所以,这种广延不可以归结为一个适于直观的对象之种种形式的增长,因为这类增长形式只是注意力、关注、察知的增长,甚至不是对注意方向和方式具有决定意义的浓厚兴趣的增长。天才在每一对象上所拥有的关于已发生者更为丰富的内容是现象之终极本质性的丰富内容:纯现象之丰富内容。天才拥有一个内容更为丰富的世界,而且,他在具体世界的每一点上都拥有这样的世界。他之对于世界犹如圣者之对于上帝,英雄之对于环境:他进入世界之中,扩展着我们关于世界的观点。但是,他之所以能够做到这一点,是由于他使自己的精神行为逐渐摆脱一切有目的的生活行动和属于这类行动的一切本能冲动和需求而达到更高的纯净度。在他身上——形象地说——精神的观点和精神的感觉事实上摆脱了他在一切纯文明的活动之内所滞留于其樊篱之中的俗务。这一现象是对世界之完全自由和纯粹的观点和认识的条件,它也是完全和纯粹地理解另一个世界或者另一个微观宇宙的条件。

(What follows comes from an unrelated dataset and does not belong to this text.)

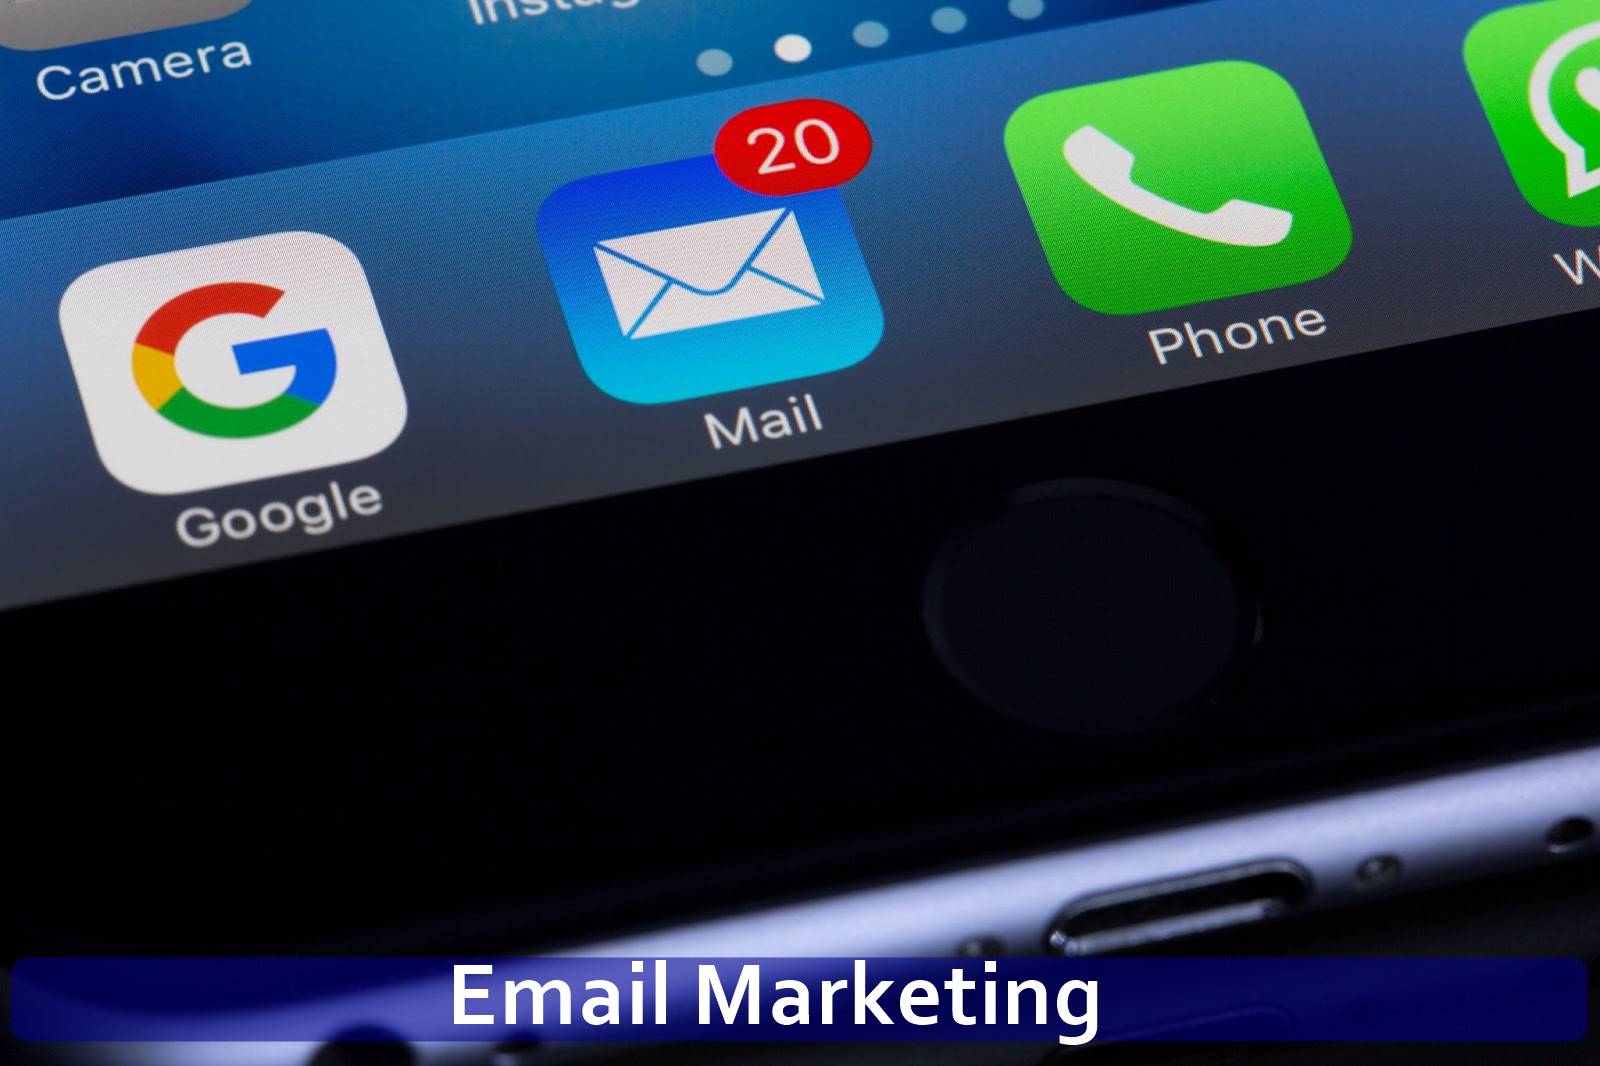 winning-marketing-strategies-by-popular-brands:email-marketing

那么,天才的行为中之根本性的东西是什么?通过哪一种实在行为才会最终使他的观点和感觉摆脱一切只与生存有关的价值与目的?这个问题的提出是必然的。只是附和康德关于“与兴趣无关的观点”和叔本华关于与兴趣无关的价值把握(这对于康德而言本身便是一种矛盾)的议论是远远不够的。人们应如何理解这种“兴趣”?人们应怎样将对事物的关切或者对事物的兴趣之减少和否定,即将其丧失看成是对世界之广延具有决定意义的东西?如果人们将“兴趣”理解为使观点局限于为怡人和实用者的价值所限定和统一起来的东西之上,那么,天才之缺乏这一局限便是正确的。然而,如果人们将“兴趣”这个词理解为向着事物的每一积极、主动的运动和深入其内容的求索,那么,天才的观察在极大程度上便是受兴趣引导的观察。在这一方面,那些思想家显然缺乏关于精神之积极的运动原则的设想,正是这个原则才能够使我们明白低级形式的兴趣何以能够变为高级形式的、对天才具有典型意义的兴趣,或者前者何以能够广延而成为后者。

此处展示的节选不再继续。